ブルーの色調が印象的な湖は、周辺を湿地帯に囲まれた小さな湖として現在も残っているそうで、湖を見下ろす丘の斜面にプレリウスの畑(52エーカー、約20ha)が広がります。

この辺りはフランスのボルドー地方に気候条件や土壌タイプが似ていることから、ボルドー品種(カベルネ系、メルロ)が多く栽培されています。


左)Prelius Vermentino 2010 IGT  右)Prelius Morello di Prile 2009 IGT

左はヴェルメンティーノ100%の白ワイン(輸入元希望小売価格2,200円)、右はカベルネ・ソーヴィニョン35%+カベルネ・フラン35%+メルロ30%の赤ワイン(同3,000円)です。

ヴェルメンティーノはミネラル感があり、非常にフレッシュ。

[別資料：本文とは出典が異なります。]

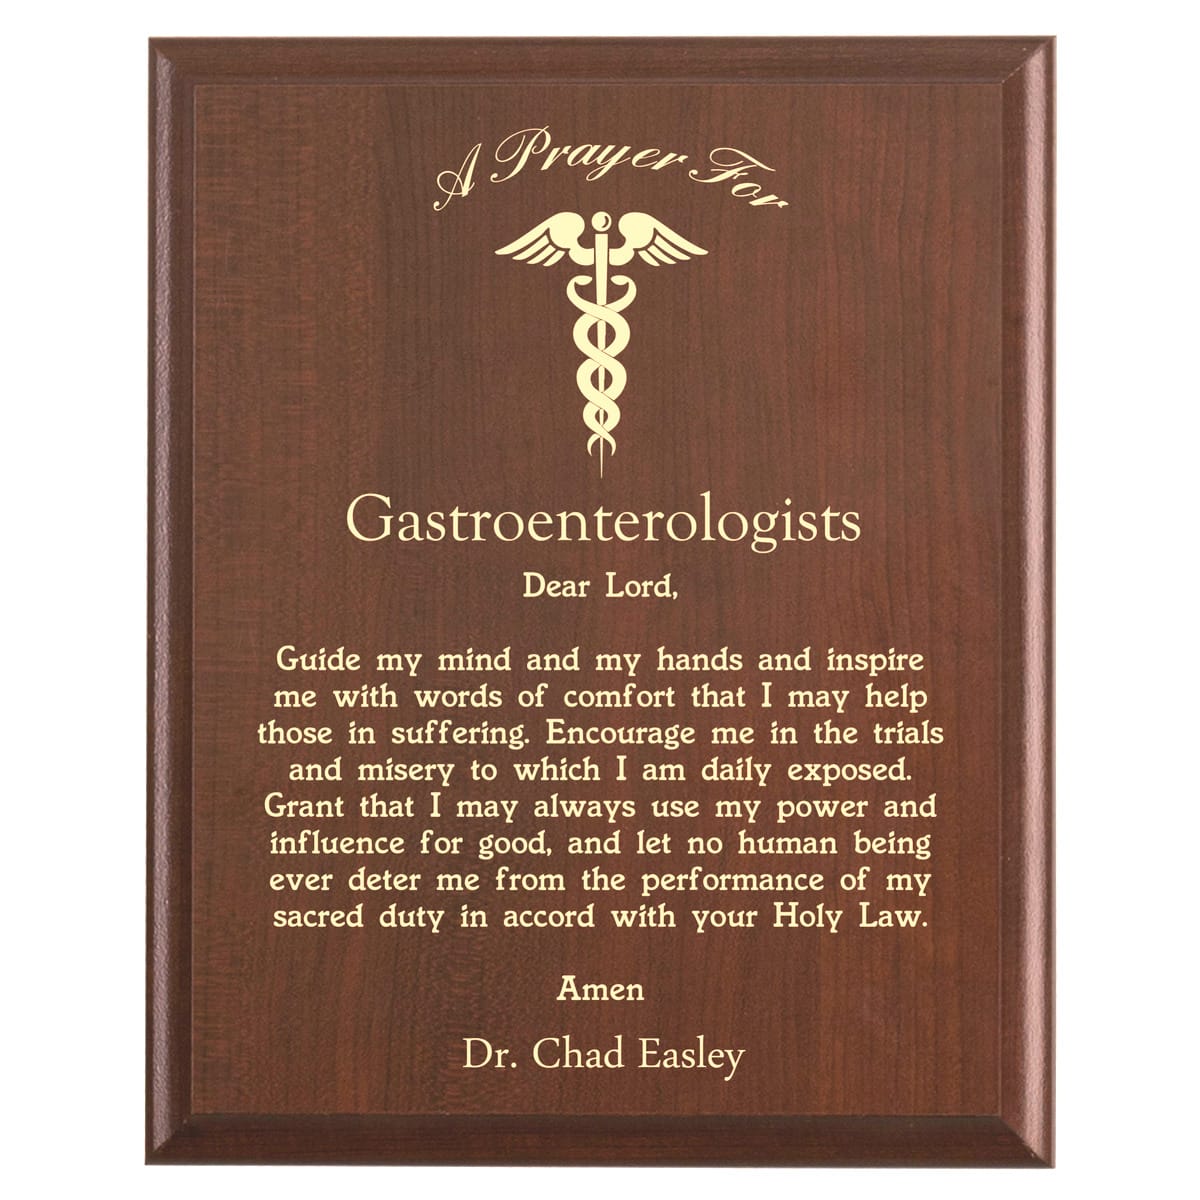 Plaque photo: Gastroenterologist Prayer Plaque design with free personalization. Wood style finish with customized text.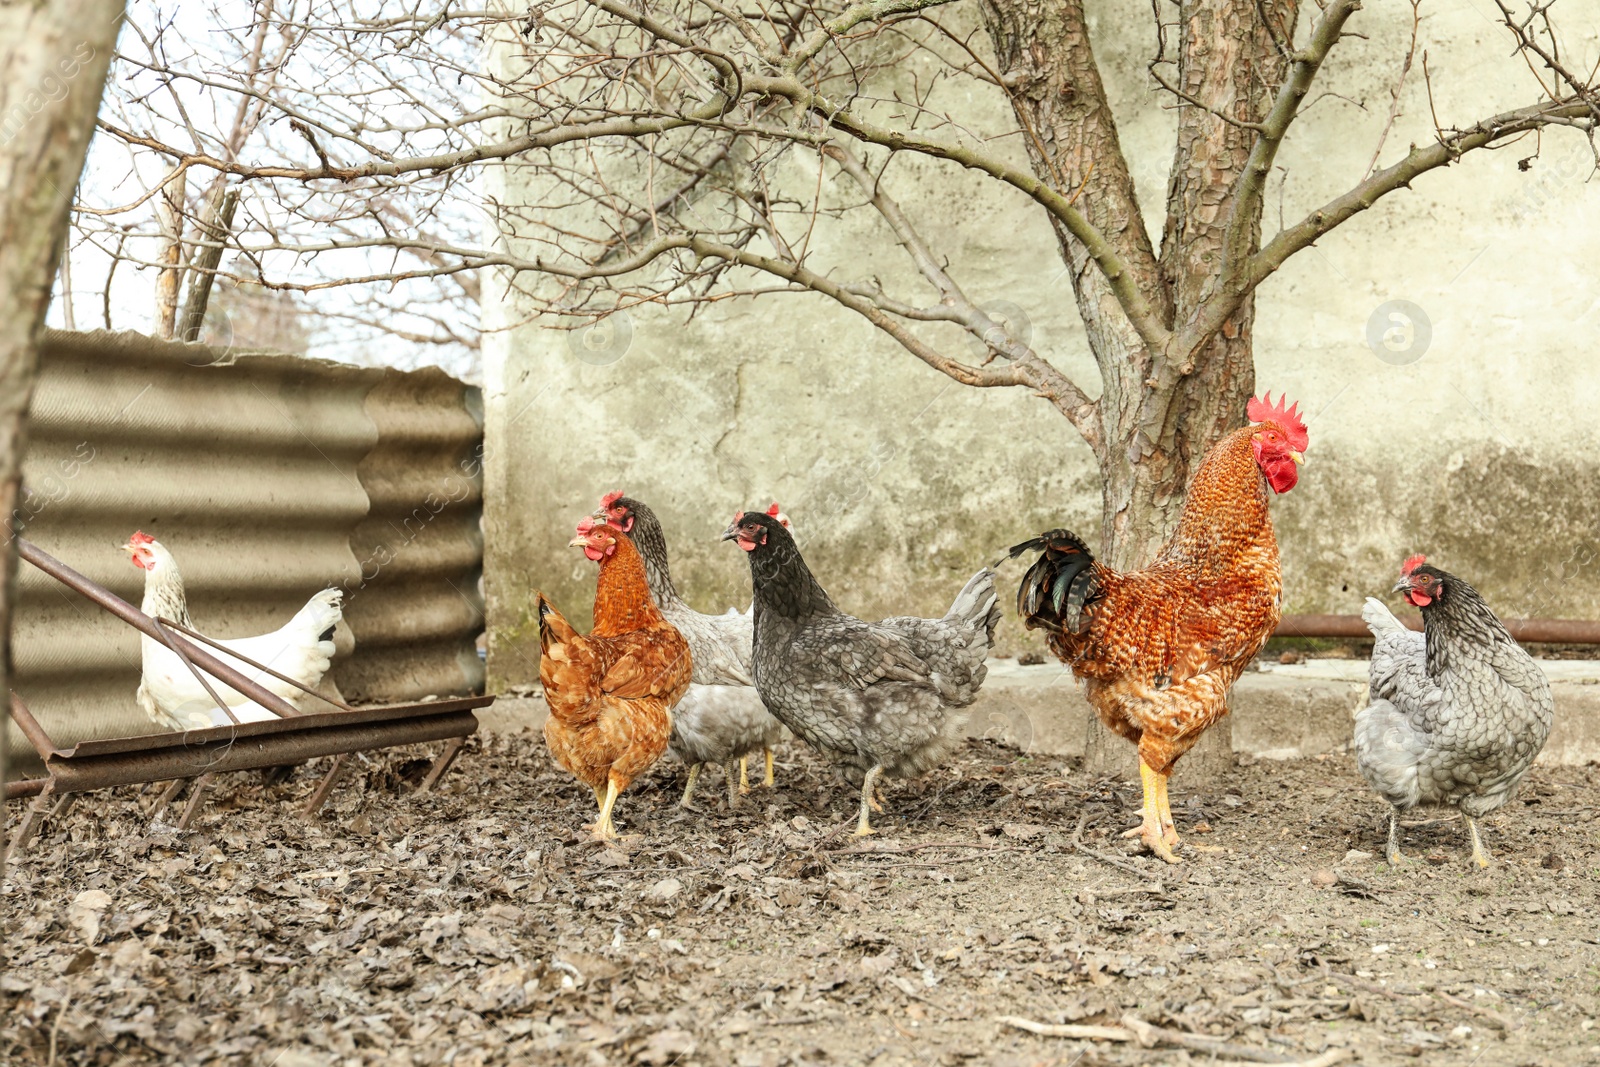 Photo of Flock of chickens and rooster in yard

フェデリカさんは、このミネラル感は海の影響があるから、と言います。
モレッロ・ディ・プリールはタンニンが充実して骨格がしっかりとし、豊かな果実味とのバランスがよく取れています。



Citto 2009 IGT

チットは、サンジョヴェーゼとカベルネ・ソーヴィニヨンをブレンドした赤ワインで、サンジョヴェーゼはキアンティ・クラシコ地区からのもの、カベルネ・ソーヴィニヨンはマレンマ地区からのものを使っています。
つまり、キアンティ・クラシコとマレンマのミックスワインです。

サンジョヴェーゼとカベルネのいいとこ取りをした、しっかりした味わいが魅力で、1,800円というプライスを考えると、非常にコストパフォーマンスがいいと思いました。



なお、カンパーニア・ディ・ヴォルパイアでは、ライフゲート社(LifeGate)のインパットゼロ(IMPATTO ZERO)という環境保全プログラムに参加しています。
CO2を減らすことを目的に各企業がそれぞれ活動するもので、カンパーニア・ディ・ヴォルパイアは “ブドウの苗を1本植えることでCO2削減する” ことを目指しています。

オーガニックやビオを実践するワイナリーはずいぶん多くなってきましたが、自己完結に終わらず、社会の中の一企業として責任を果たすところも、今後は増えてくるでしょうか。